RBI defines the flow of financial resources to the commercial sector as the aggregate of loans from banks and non-banks, and investment by Life Insurance Corp. of India in corporate debt, apart from funds raised overseas.
According to Setty, companies tapping debt markets is on expected lines given ample liquidity at cheaper rates. As per RBI data, system liquidity has been in surplus — on an average of ₹3 trillion per day — since the June meeting of the monetary policy committee.
“I think these shifts keep happening and once the rates stabilize on the bank side, they will come back to utilization,” said Setty.

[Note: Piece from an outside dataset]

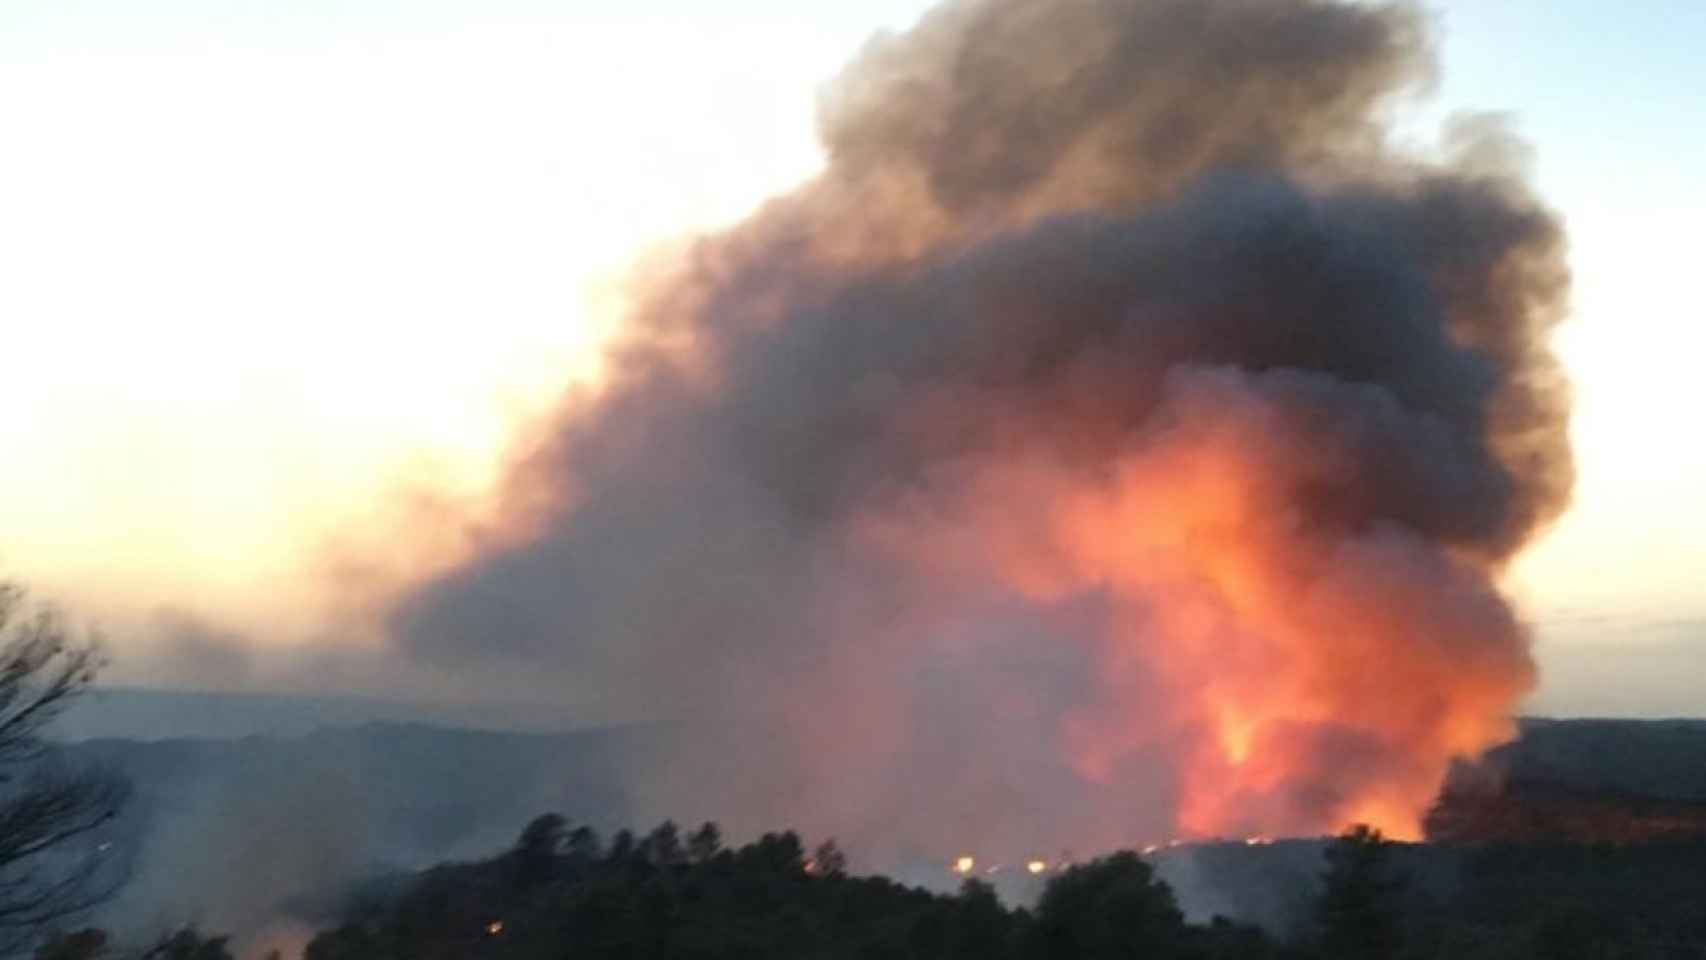 Imágenes del terrible incendio que afecta a la comarca de la Ribera d'Ebre, al sur de Tarragona / BOMBERS

He said SBI has a strong pipeline of project finance loan proposals under discussion, apart from loans sanctioned but are yet to be disbursed. Setty expects corporate loan growth to be at least 10% in the December quarter.
The SBI chairman said companies are not yet really discussing tariff concerns with SBI. However, on a broader level, uncertainties have been present in the global scenario for the last couple of years on the back of wars and geopolitical tensions.
On Friday, the bank reported a net profit of ₹19,160 crore for the June quarter, up 12.5% over the previous year, beating estimates. Bloomberg consensus estimates of 24 analysts had pegged SBI’s net profit in the June quarter at ₹16,975 crore. The profit was, to a great extent, backed by other income in the form of treasury gains. Its other income or non-interest income grew 55.4% y-o-y to ₹17,346 crore, whereas interest income grew 5.8% y-o-y to ₹1.17 trillion.
SBI’s domestic deposits grew 11.7% y-o-y to ₹52.5 trillion in Q1 FY26. The bank is hopeful of maintaining its loan growth and deposit growth guidance of 12% and 10%, respectively, in FY26.
Like its peers, SBI’s margins have also taken a beating in the June quarter, with net interest margin — a key indicator of profitability — down 33 basis points from the previous year to 3.02%. Setty said margins were anyway expected to moderate in Q1 and Q2, but would be back to FY25 levels by Q4 of the current financial year.
Analysts sounded concerned about softening margins.
“While the pickup in deposit growth rate (even if led by term deposits) is a positive, we see the continued slide in margins remaining a concern raising questions on the sustainable level of RoA (return on assets) for the bank, once the support from lower credit costs and higher non NOI (non-operating income) subsides,” analysts at Bernstein said in a note on Friday.
Shares of SBI on NSE closed at ₹802.5 apiece, down 0.33% from its previous close, while the Nifty Bank Index was down 0.93%.